- Data extracted from a collection:
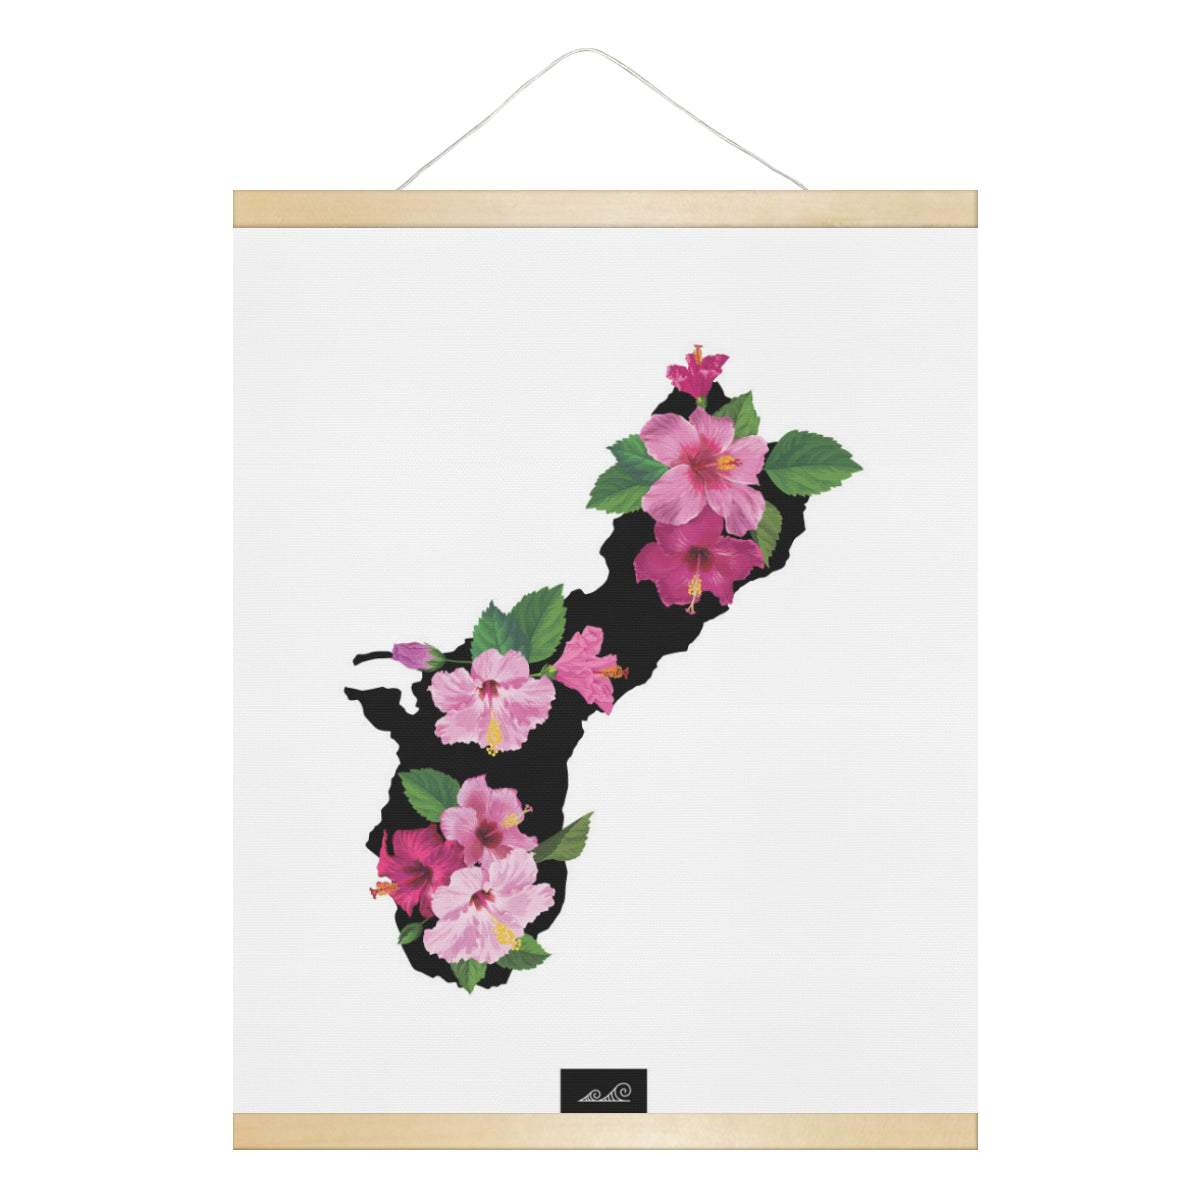 Guam Island Hibiscus Fuchsia Black Hanging Canvas Poster with Wood Frame
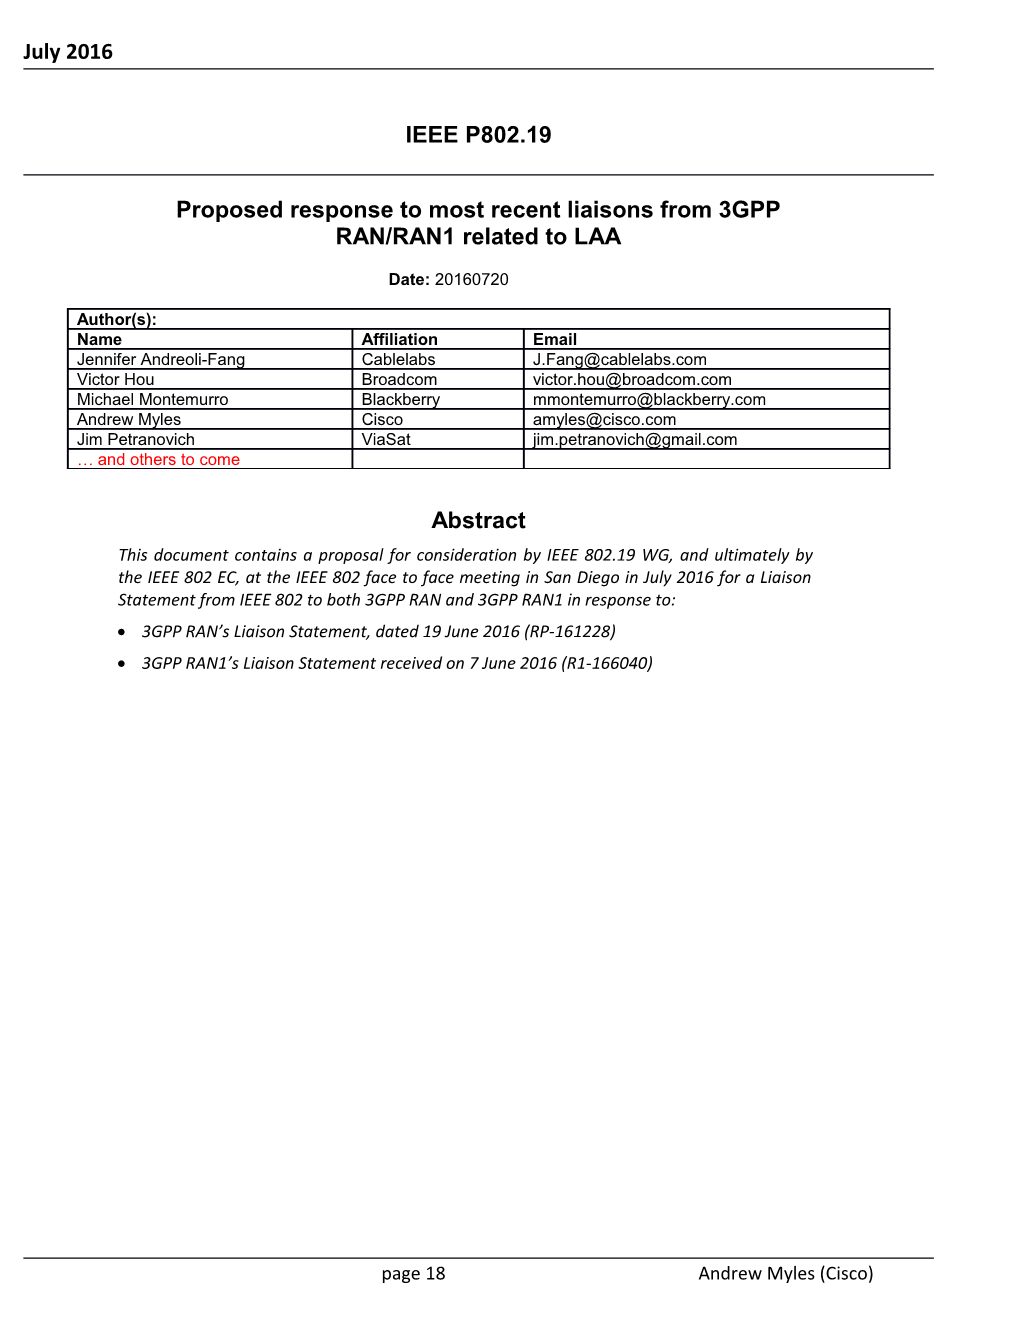 Proposed Response to Most Recent Liaisons from 3GPP RAN/RAN1 Related to LAA
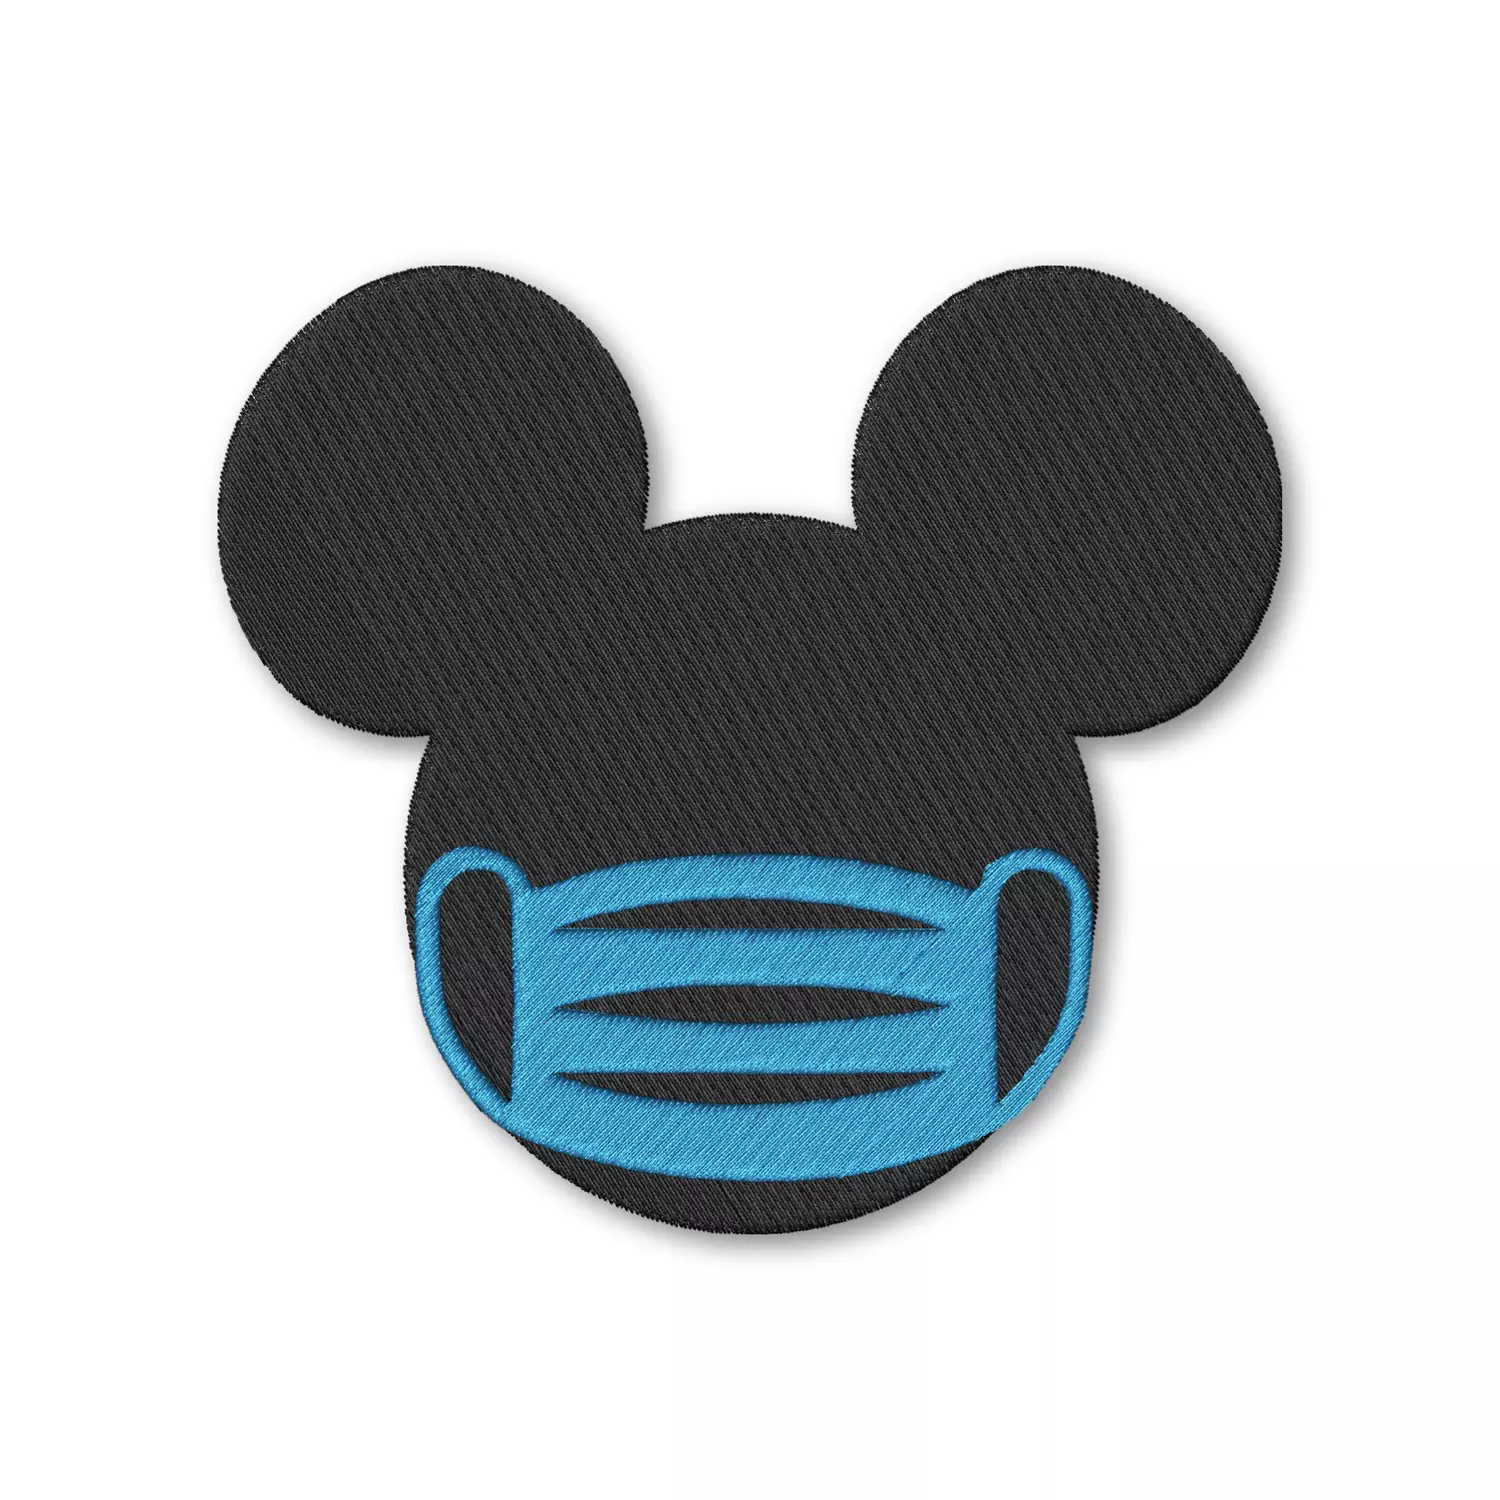 Disney 2020 Quarantined Mickey Mouse Mask face
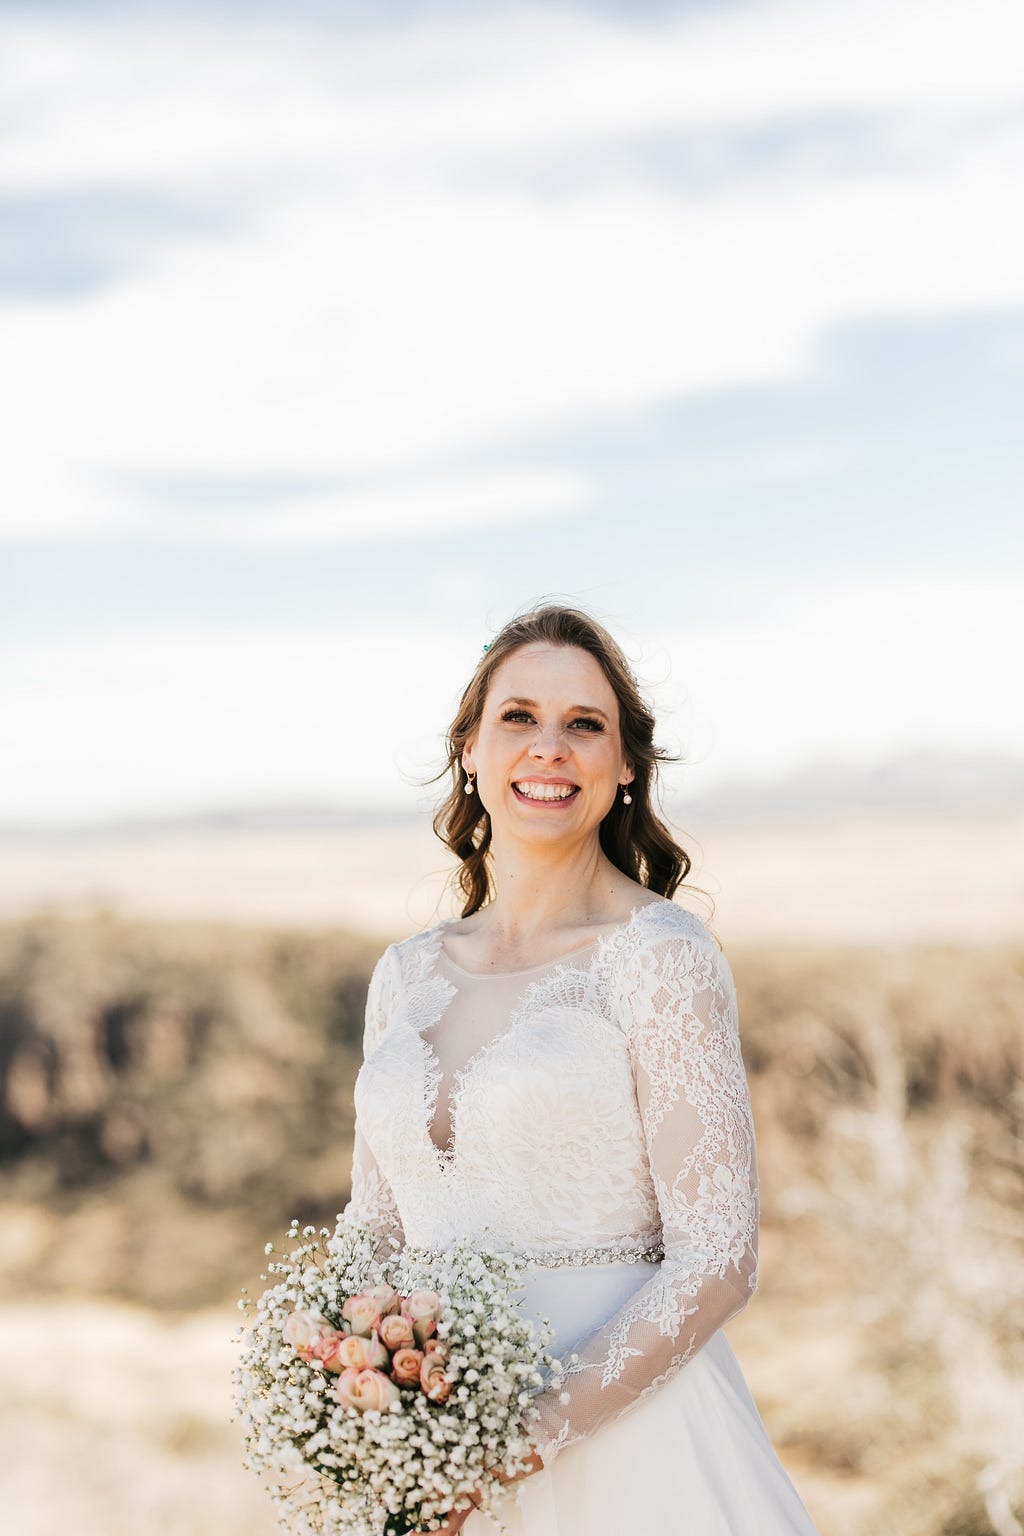 Picture of smiling bride (the author) in a white lace wedding dress with a faded scenery of a desert landscape behind her.
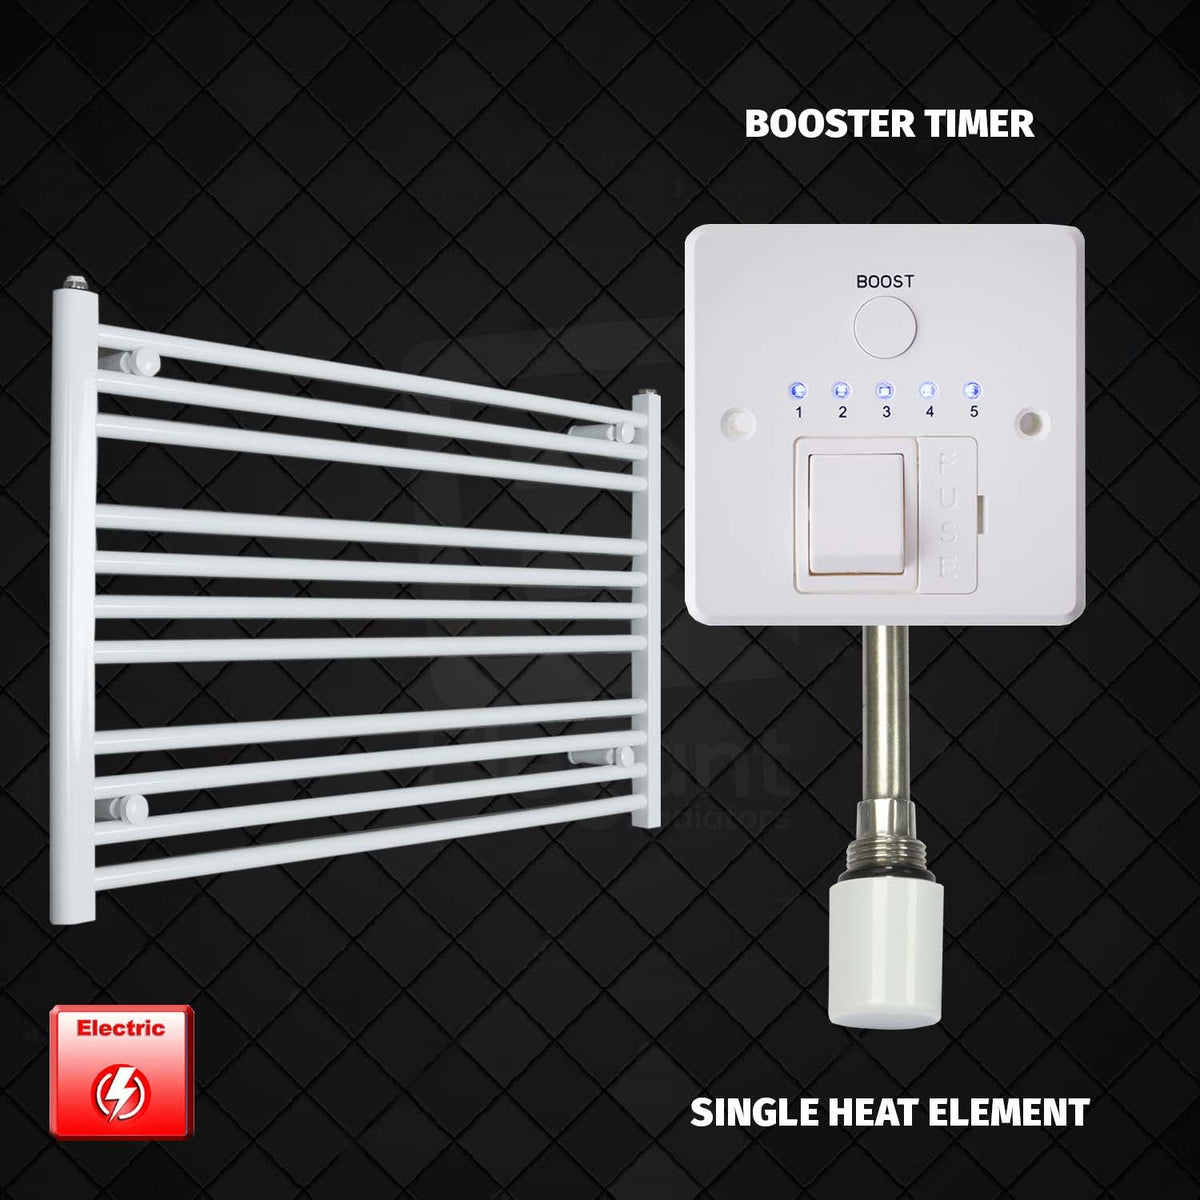 600 x 1200 Pre-Filled Electric Heated Towel Radiator White HTR Single heat element Booster timer

- Work item: Set every record down again verbatim, without pictures.

- Result for this exercise:
 Guam Island Hibiscus Fuchsia Black Hanging Canvas Poster with Wood Frame
 Proposed Response to Most Recent Liaisons from 3GPP RAN/RAN1 Related to LAA
 Disney 2020 Quarantined Mickey Mouse Mask face
 Picture of smiling bride (the author) in a white lace wedding dress with a faded scenery of a desert landscape behind her.
 600 x 1200 Pre-Filled Electric Heated Towel Radiator White HTR Single heat element Booster timer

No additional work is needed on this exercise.